世界的にバナナやアボカドは消費量に対しての廃棄量が多い。バナナは世界で最も捨てられ、アボカドも例えば今爆発的に流通が伸びる欧州市場では年間流通量の1/3は捨てられていると言われるくらい。人体に対して害のない日持ち向上剤の開発は大事でしょうね。
ただ、同時に賞味期間が伸びて喜ぶのは廃棄リスクが減る販売者と消費者であり、生産者的な立場では売上を支えているのが回転率の高さ、つまり果物の足の早さである場合もある。捨てられるから、次の注文が来る。賞味期限が伸びて、売れ行きが伸びなければ、結果的に生産者は減収減益。だから、生果に関わる人の中には心底では複雑な人も多いだろうね。流通側にとっては廃棄リスクが減るわけだから、その分掛け率を上げて生産者の収益性を補填してあげるくらいの、生産者への強力も必要なのではないかなと思います。

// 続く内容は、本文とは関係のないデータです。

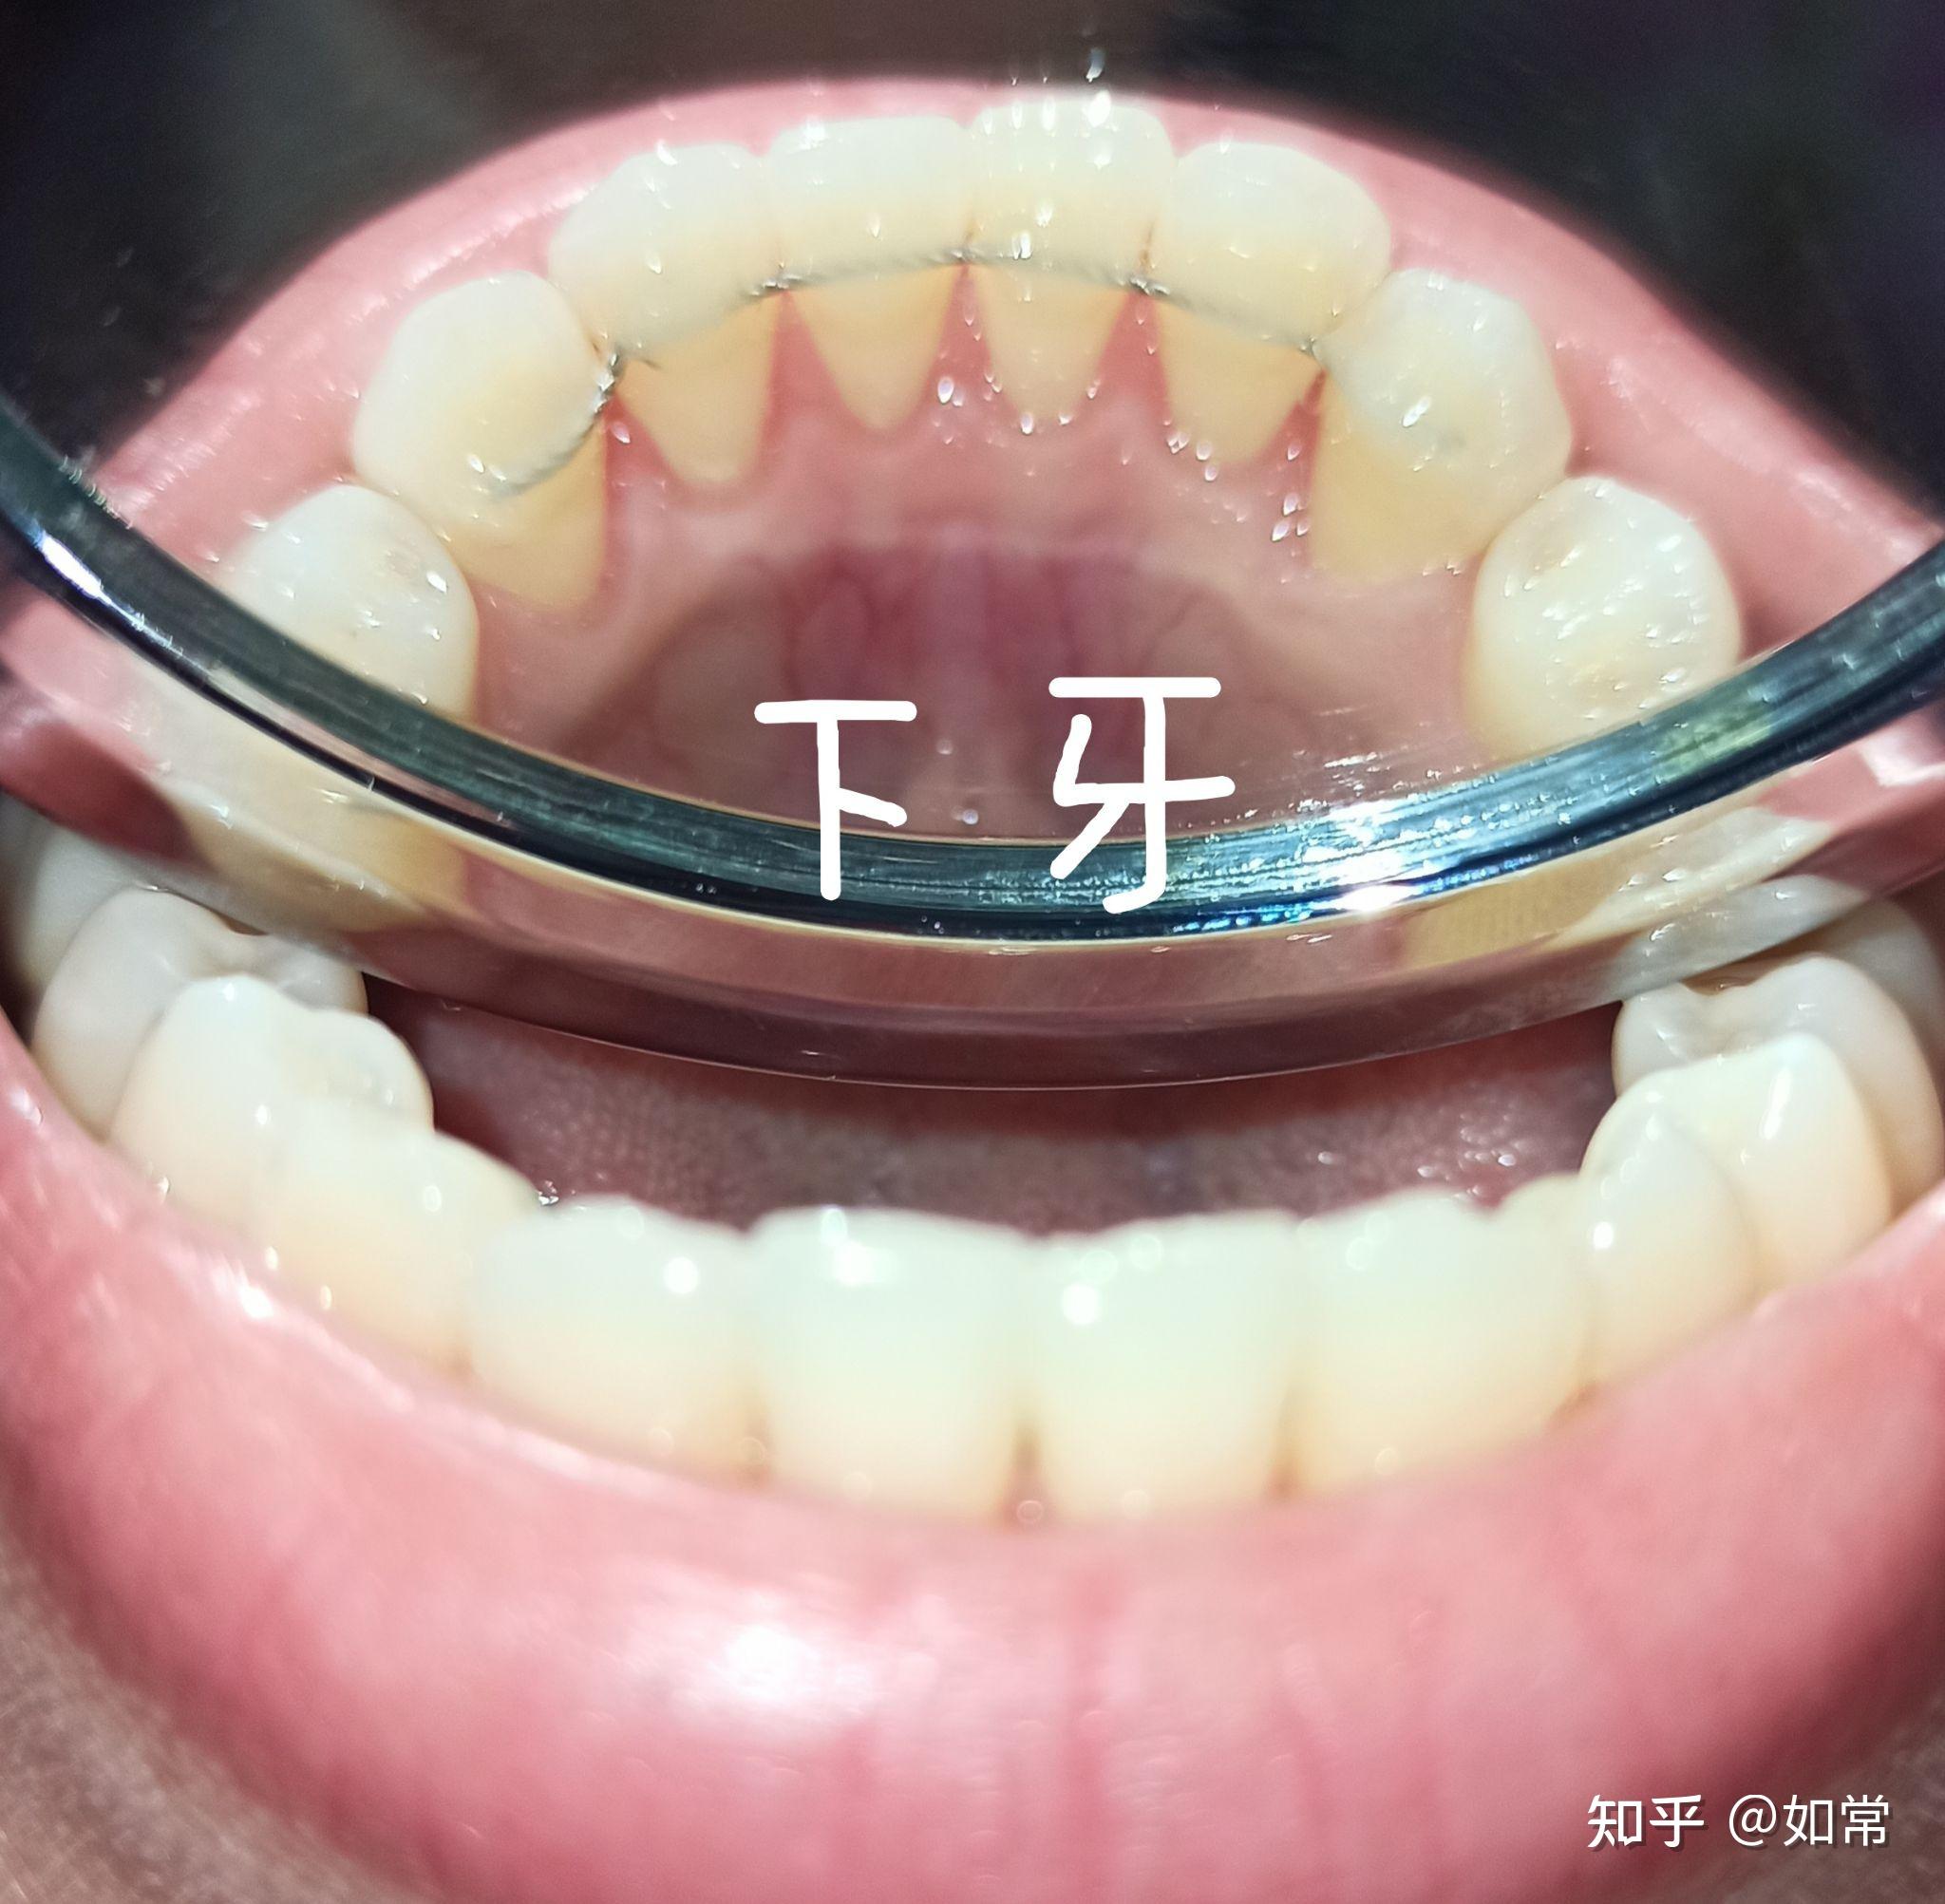 门牙戴牙冠的过程图解-图库-五毛网

ちなみに、アボカドのおいしさと追熟は基本的にはあまり大きな関連がありませんので笑。追熟で変わるのは食味、つまり硬さであって、根本的な味の決定要素である成分は摘み取る前の段階でしか増えません。不味いアボカドにApeelを使っても、不味いまま日持ちするだけだ、ということだけ最後に付け加えておきます。